Soxhlet extraction of sunflower meals, cereals, cereals-based foods and milk powder: All samples except for vegetable oils were extracted with a FOSS extraction device. Briefly, 10 g of sample was weighted to 0.01 g accuracy and placed in an extraction cell, spiked with extraction labeled ¹³C - PCDDs/PCDFs and DL-PCBs congeners and leave for equilibration around 30 min.
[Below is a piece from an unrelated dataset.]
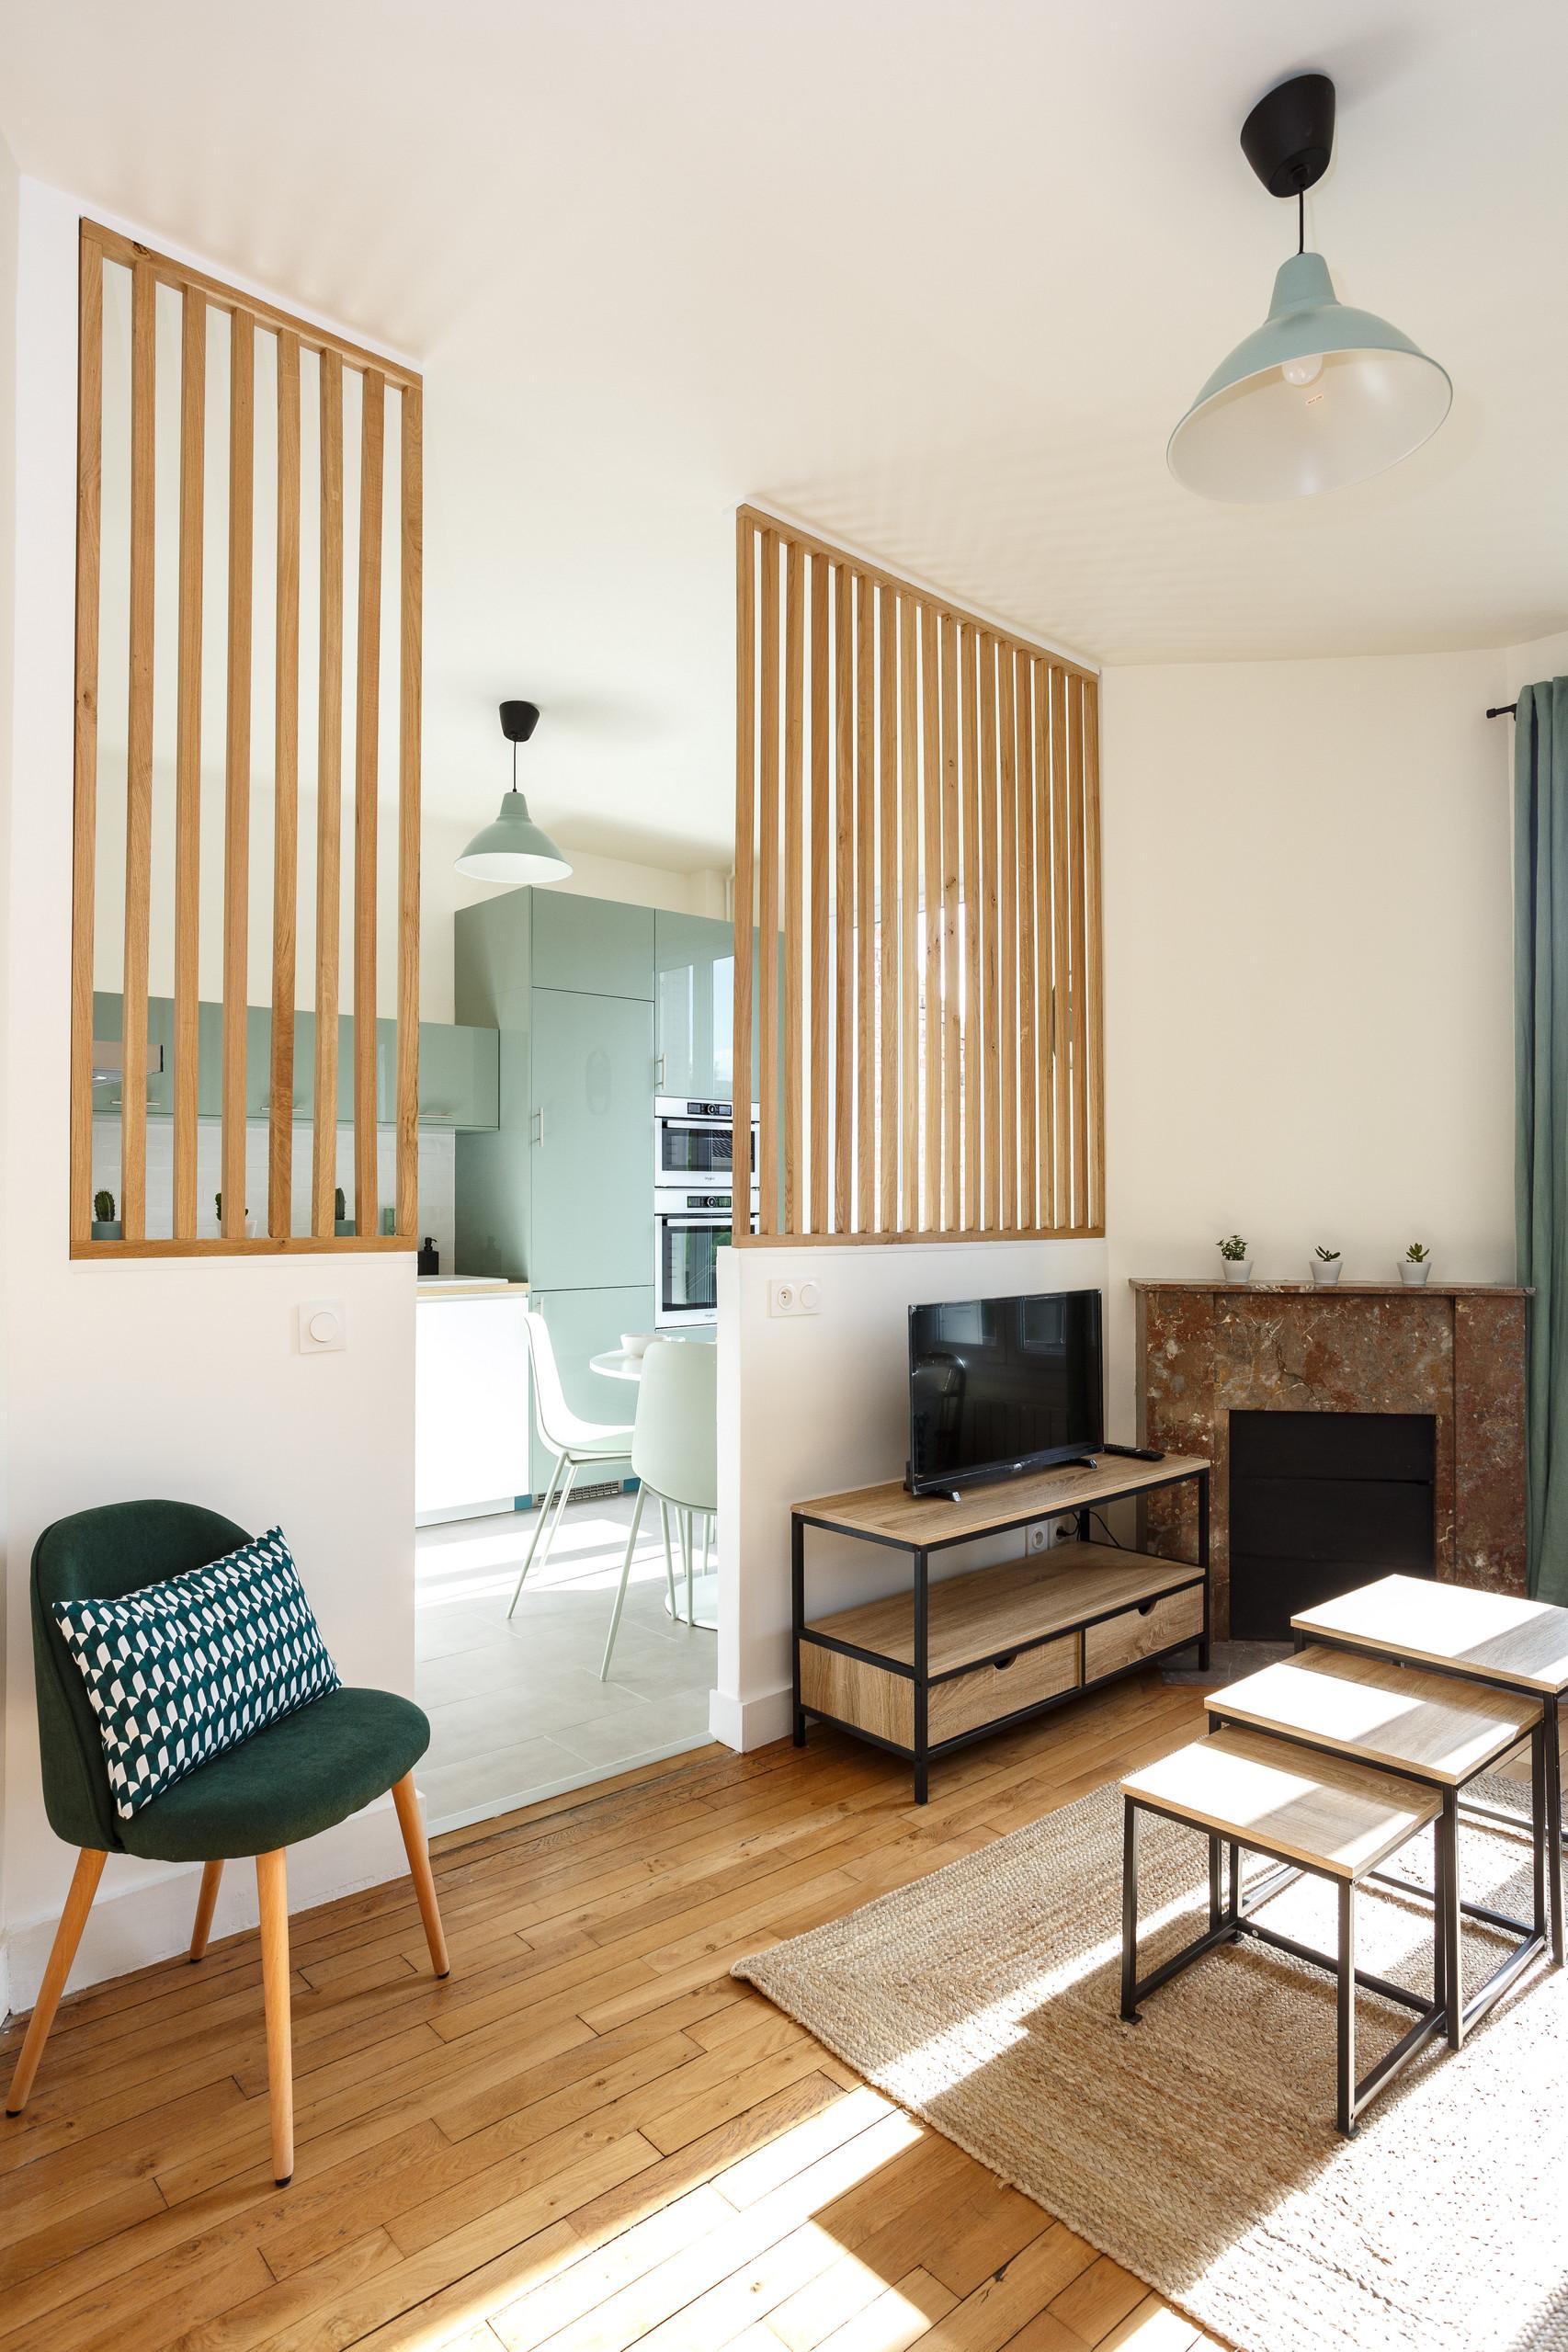 Création d'un claustra pour séparer cuisine et salon

And extracted with solvent mixture Hexane: Acetone (80:20) for 3 hours. After that, the extract was evaporated to dryness. After that, sunflower meals and milk powder extract were weighed for the determination of lipid content. The whole extracts were dissolved in hexane and added 55% acid silica. The samples were shaken vigorously for 30 sec. and put into centrifugation at 5000 rpm for 5 min, filtrated and evaporated to dryness.

Extraction of sunflower seeds and rapeseeds: Briefly, 10 g milled sunflower seed and rapeseed samples were extracted for 3 hours. After concentration, the determination of lipid content was obtained gravimetrically. The extracted fat was fortified with extraction-labeled mixtures of ¹³C - PCDDs/PCDFs and DL-PCBs congeners and left for homogenization for around 5 min. The oilseed extracts were directly dissolved in hexane and mixed with 55% acid/silica.
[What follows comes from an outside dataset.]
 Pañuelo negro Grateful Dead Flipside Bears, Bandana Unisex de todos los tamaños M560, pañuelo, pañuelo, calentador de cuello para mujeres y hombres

Each vegetable oil was weighed around 2.5 g, dissolved in 30 ml hexane and performed acid digestion with 17 g 55% acid-silica, followed by filtration of clean extract and evaporation to dryness.

Extraction of cereals and cereal-based products: 10 g milled cereal samples were extracted with solvent mixture Hexane: DCM (1:1) for three hours, evaporated on a rotatory evaporator to dryness and subjected directly to multilayer column cleanup.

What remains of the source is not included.